Students will study various topics related to machine learning, including artificial neural networks and graphical neural networks, which mimic the human brain to process data. By learning about AI processing, students can learn how AI models can be trained to create something new.

“We currently use generative AI based on theory and math,” Abdel says. “But we want to be able to use it to generate something new.

Due to the lack of published resources for a course such as this one, Abdel prepares each lecture with his own research and eventually plans to create a book to teach this topic to future students. When conducting his lectures, Professor Abdel provides his students with a PowerPoint, practice problems, and weekly projects. During class, Abdel focuses on encouraging participation from his students. Every week, he assigns a project for his students to apply their knowledge, typically discussed at the end of each class, then he encourages two students to present their work for constructive feedback.

“This specific course is teaching something that was not taught before, and this offer is not in every university in the states, and each class is not exactly the same,” Abdel says. “What I am trying to achieve with this course is something that would be based on a student’s understanding of AI. We teach them the principles, what they would use, and how they would apply it would be their own.”

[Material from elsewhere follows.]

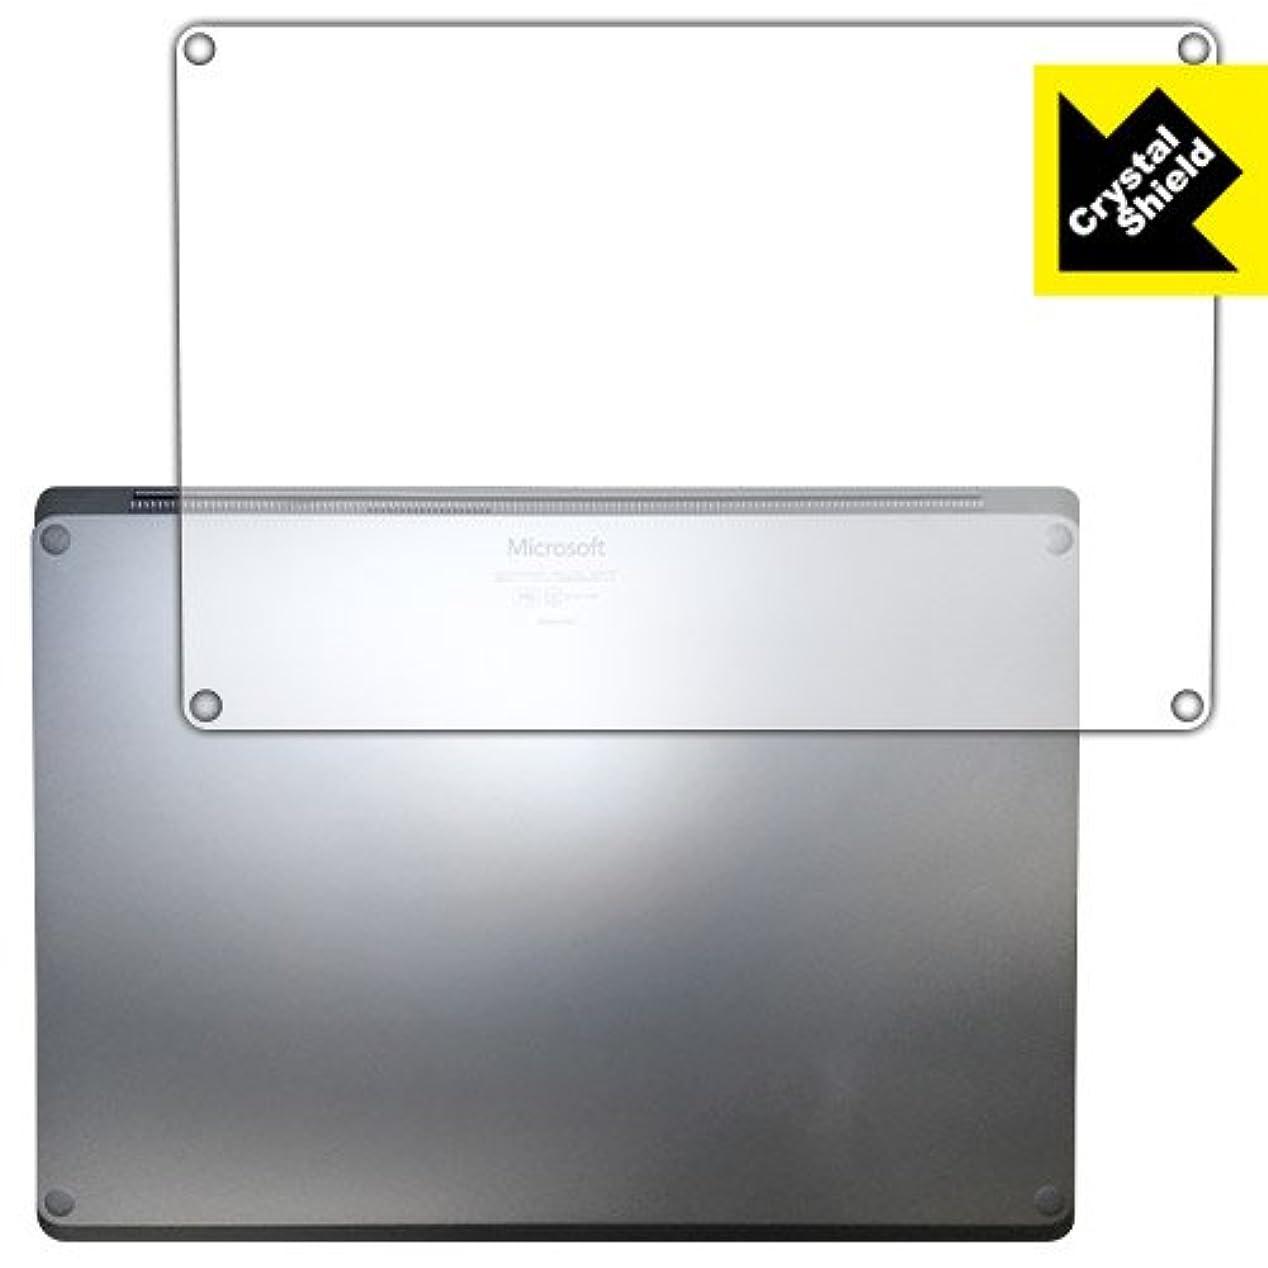 スポーツの試合を担当している人スタジオ恐怖防気泡 フッ素防汚コート 光沢保護フィルム Crystal Shield Surface Laptop (底面用) 日本製

Abdel says the special topics course will evolve into a graduate-level course that will be implemented in the spring. Senior-level undergraduate students who are interested in AI will also be able to enroll in the course.

“The course plants the seeds for research and serves senior undergraduates who want to take a graduate-level course,” Abdel says. “It’s also a good way for them to get into research.

Students who complete the course will be prepared to use AI in the industry. Abdel says AI can be applied to tasks that require human logic without endangering a human life. If trained correctly, aerospace engineers can use AI to make unexpected decisions in emergency situations – a task that programmed computers cannot perform.

“It’s just like science fiction,” Abdel says. “The sky is the limit right now.”